И действительно, трудно было придумать что-нибудь великолепнее гримасы, красовавшейся сейчас в отверстии розетки. После всех пяти-шестиугольных безобразных рож, которые выглядывали оттуда, не достигая идеала уродливости, сложившегося в разгоряченном оргией воображении зрителей, только такая необыкновенная по своему безобразию гримаса могла прельстить толпу и привести ее в восторг. Сам метр Коппеноль аплодировал, и даже бывший в числе конкурентов Клопен Труйльфу, -- а он был настолько безобразен, что мог состроить ужаснейшую гримасу, -- признал себя побежденным. Так же поступим и мы. Мы не беремся дать читателю понятие об этом лице с четырехгранным носом, ртом в виде подковы и раздвоенным подбородком. Над маленьким, в виде мешка, левым глазом этого урода нависла щетинистая рыжая бровь, тогда как правый глаз совсем исчезал под громадной бородавкой; поломанные зубы были выщерблены, как зубцы на крепостной стене, а один из них выступал из-за растрескавшихся губ, как клык слона. Но еще труднее передать выражение этого ужасного лица -- какую-то смесь злости, изумления и грусти. А теперь представьте себе, если можете, это чудовище.

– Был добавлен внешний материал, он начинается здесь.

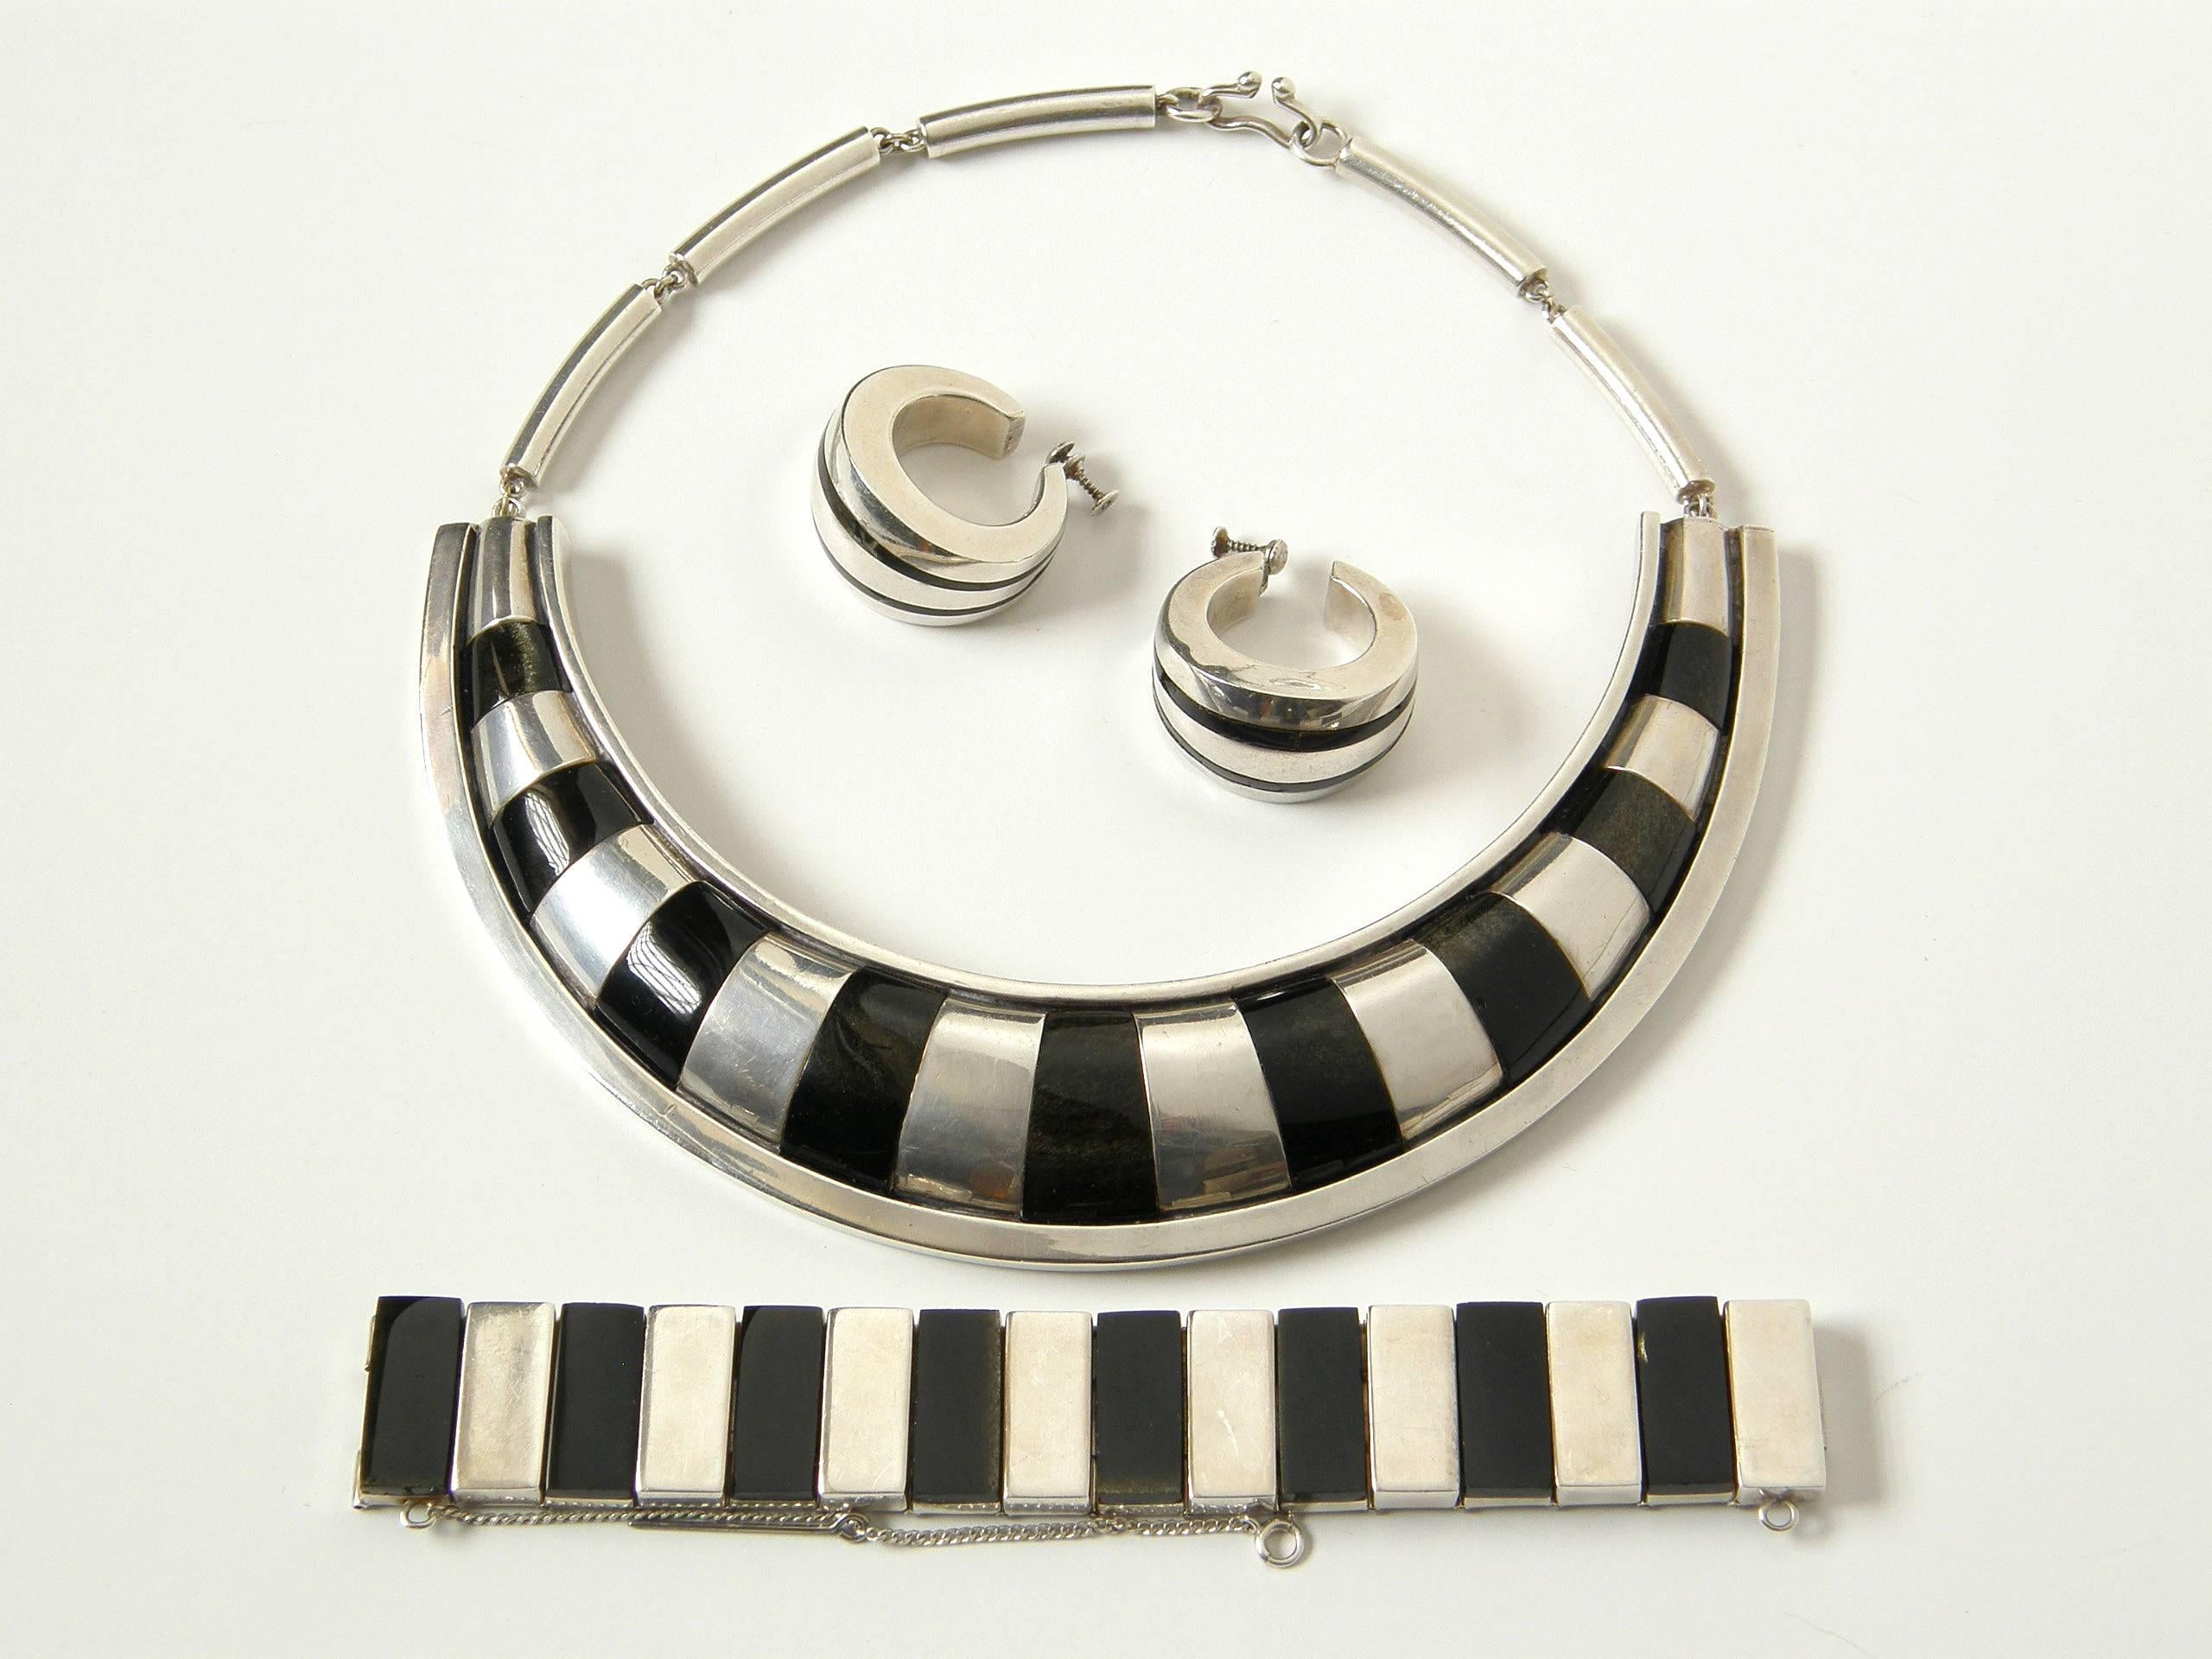 Auffälliges Set aus Halskette, Armband und Ohrringen von Piedra Y Plata, der Silberwerkstatt von Felipe Martinez in Taxco. Die geometrischen Designs nutzen den Kontrast zwischen dem Sterling und dem Obsidian mit großer Wirkung. Als dreiteilige

Публика единодушно приветствовала его восторженными криками. Все бросились к капелле и с торжеством вывели оттуда папу шутов. Но тут изумление и восторг толпы дошли до крайних пределов. Гримаса была настоящим лицом.

Вернее, он весь представлял собой гримасу. Огромная голова с щетинистыми рыжими волосами, громадный горб на спине и поменьше на груди; страшно искривленные ноги, которые могли соприкасаться только в коленях и напоминали два изогнутых серпа; громадные ступни, чудовищные руки и при всем этом безобразии что-то грозное, могучее и смелое во всей фигуре, представлявшей странное исключение из общего правила, требующего, чтобы сила, как и красота, вытекала из гармонии. Таков был папа, избранный шутами.

Казалось, это был разбитый и затем кое-как спаянный великан.

Когда этот циклоп показался на пороге капеллы -- коренастый, почти одинаковый в ширину и высоту, в камзоле, наполовину красном, наполовину фиолетовом, затканном серебряными колоколенками, -- толпа по этому камзолу, а в особенности по необыкновенному безобразию нового папы, тотчас же узнала его.

-- Это Квазимодо, звонарь! Это Квазимодо кривой! Квазимодо-горбун, из собора Богоматери! Квазимодо кривоногий! Браво! Браво!

У бедняка не было, как видно, недостатка в прозвищах.

-- Берегитесь, беременные женщины! -- закричали студенты.

-- Или те, которые желают забеременеть! -- прибавил Жан.

Женщины действительно закрыли лица руками.

-- Господи, какая отвратительная обезьяна! -- воскликнула одна из них.

-- И он так же зол, как и уродлив,-- подхватила другая.

-- Это сам дьявол! -- прибавила третья.

-- Я, к несчастью, живу возле самого собора Богоматери и слышу, как он каждую ночь шатается по крыше.

-- Вместе с кошками!

-- Да, он всегда шляется по нашим крышам!

-- И напускает на нас порчу через дымовые трубы!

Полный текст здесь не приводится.